Vasilissa Olga (ΒΠ Βασίλισσα Όλγα) (Queen Olga) was the second and last destroyer of her class built for the Royal Hellenic Navy in Great Britain before the Second World War. She participated in the Greco-Italian War in 1940–1941, escorting convoys and unsuccessfully attacking Italian shipping in the Adriatic Sea. After the German invasion of Greece in April 1941, the ship escorted convoys between Egypt and Greece until she evacuated part of the government to Crete later that month and then to Egypt in May. After the Greek surrender on 1 June, Vasilissa Olga served with British forces for the rest of her career.

She escorted convoys in the Eastern Mediterranean for the next several months before she was sent to India for a refit. The ship resumed convoy escort duties upon its completion at the beginning of 1942 in the Mediterranean and the Red Sea. In December of that year, now operating in the Central Mediterranean, Vasilissa Olga and a British destroyer briefly captured an Italian submarine, but it sank while under tow. The following month, the ship, together with a pair of British destroyers, sank a small Italian transport ship. She was briefly tasked to escort an Australian troop convoy in the Red Sea in February 1943 before returning to the Mediterranean. Together with a British destroyer, Vasilissa Olga sank at least two ships from an Italian convoy in June. Over the next several months, she escorted British ships as the Allies invaded Sicily (Operation Husky) and mainland Italy (Operation Avalanche).

The ship was transferred back to the Eastern Mediterranean in September to participate in the Dodecanese Campaign. Together with two British destroyers, she helped to destroy a small German convoy in the islands before beginning to ferry troops and supplies to the small British garrison on the island of Leros. After completing one such mission, she was sunk by German bombers in Lakki harbor on 26 September with the loss of 72 men.

==Design and description==
The Vasilefs Georgios-class ships were derived from the British G-class destroyers, modified with German guns and fire-control systems. They had an overall length of 98.4 m, a beam of 10.05 m, and a draft of 2.51 m. They displaced 1371 t at standard load and 1879 t at deep load. The two Parsons geared steam turbine sets, each driving one propeller shaft, were designed to produce 34000 shp using steam provided by three Admiralty three-drum boilers for a designed speed of 36 kn. During her sea trials on 19 December 1938, Vasilissa Olga reached a speed of 36.1 kn from 33683 shp, although her armament was not yet installed. The ships carried a maximum of 399 t of fuel oil which gave a range of 3760 nmi at 20 kn. Their crew consisted of 162 officers and crewmen. Unlike her sister ship , Vasilissa Olga was not fitted out to accommodate an admiral and his staff.
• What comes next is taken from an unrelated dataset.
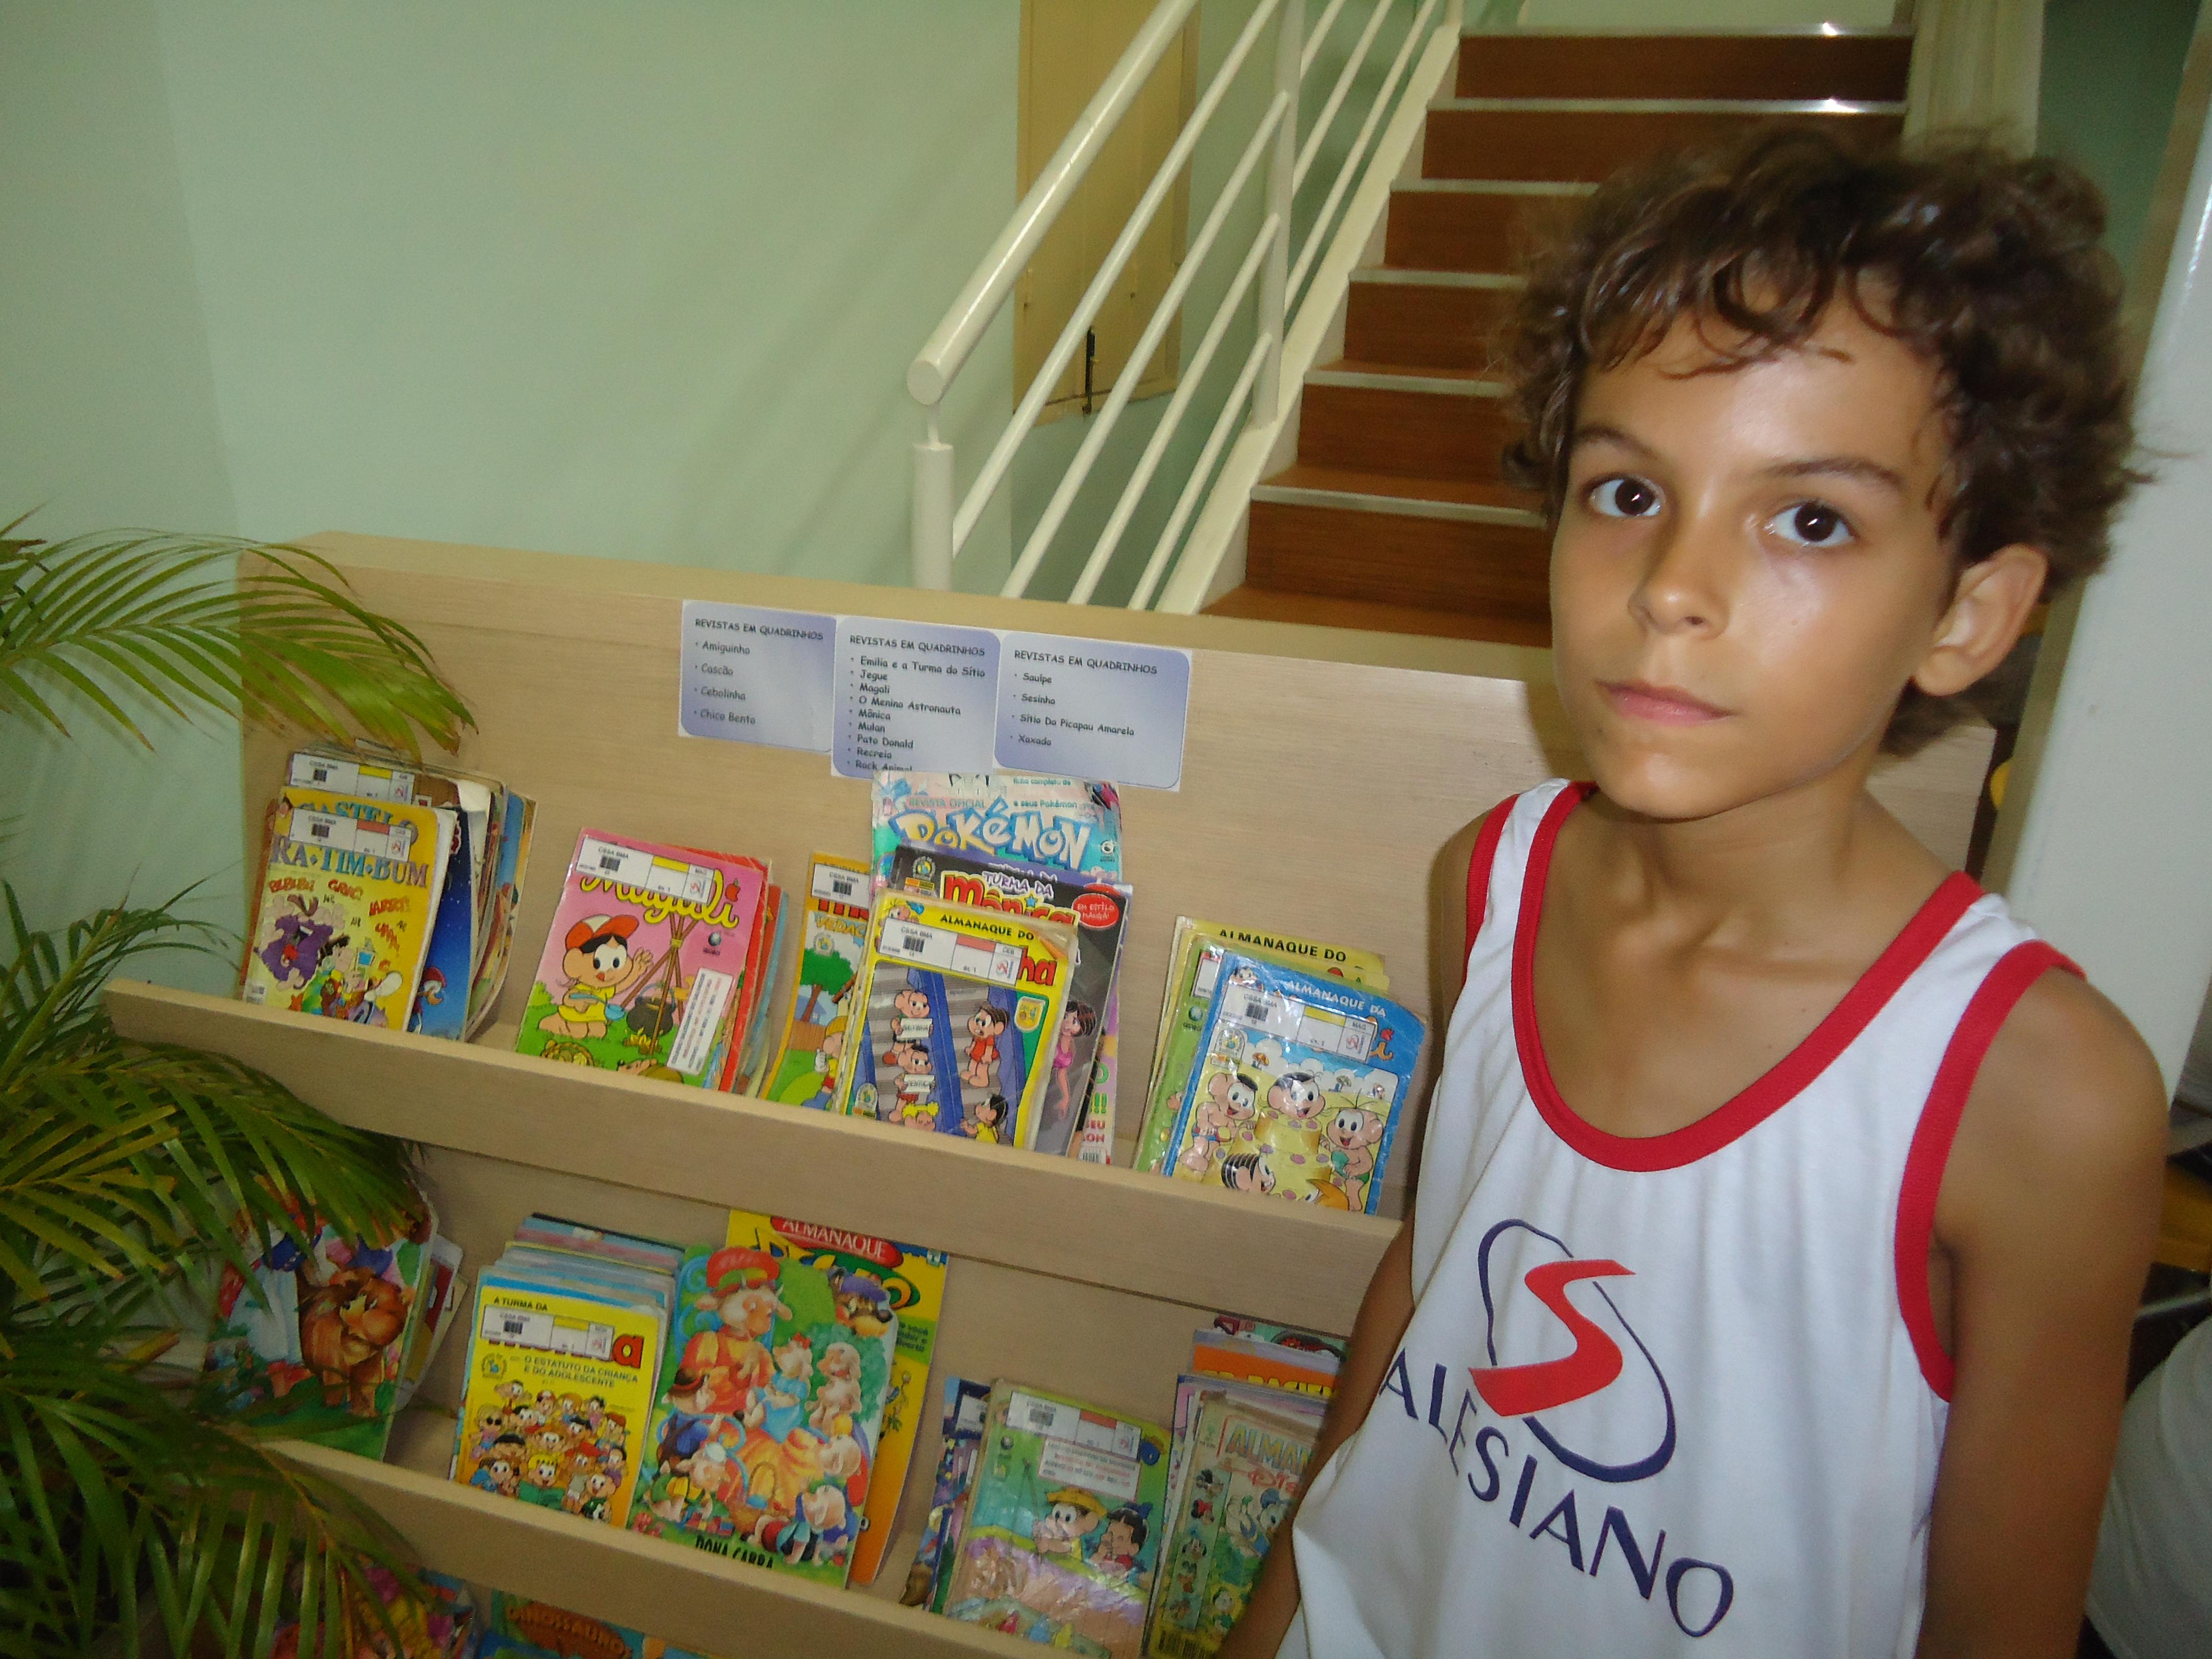 Caio_novas_-_biblioteca

The ships carried four 12.7 cm SK C/34 guns in single mounts with gun shields, designated 'A', 'B', 'X' and 'Y', from front to rear, one pair each superfiring forward and aft of the superstructure. Her anti-aircraft (AA) armament consisted of four 3.7 cm guns in four single mounts amidships and two quadruple mounts for Vickers 0.5 in AA machineguns. The Vasilefs Georgios class carried eight above-water 53.3 cm torpedo tubes in two quadruple mounts. They had two depth charge launchers and a single rack for their 17 depth charges.

===Wartime modifications===
During her late 1941 refit in Calcutta, India, Vasilissa Olgas armament was revised to better suit her role as a convoy escort. The rear set of torpedo tubes was replaced by a 3 in AA gun and 'Y' gun was removed to increase the number of depth charge throwers and depth charge stowage. To reduce topweight, the 3.7 cm guns were replaced by 20 mm Oerlikon autocannon. Her mainmast was removed and her aft funnel shortened to improve the arcs of fire of her AA guns. The ship was fitted with a Type 128 Asdic to improve her ability to detect submarines.

==Construction and service==
The Vasilefs Georgios-class ships were ordered on 29 January 1937 as part of a naval rearmament plan that was intended to include one light cruiser and at least four destroyers, one pair of which were to be built in Britain and the other pair in Greece. Vasilissa Olga was laid down at Yarrow & Company's shipyard in Scotstoun, Scotland, in February 1937, launched on 2 June 1938, and commissioned on 4 February 1939 without her armament, which was installed later in Greece.

After the sank the elderly protected cruiser in a sneak attack on 15 August 1940 off the island of Tinos, Vasilissa Olga and her sister were sent to Tinos to escort the merchant ships there home. During the Greco-Italian War she escorted convoys and participated in raids against Italian lines of communication in the Strait of Otranto on the nights of 14/15 November 1940 and 4/5 January 1941 that failed to locate any ships. The sisters ferried the Greek gold reserves to Crete on 1 March.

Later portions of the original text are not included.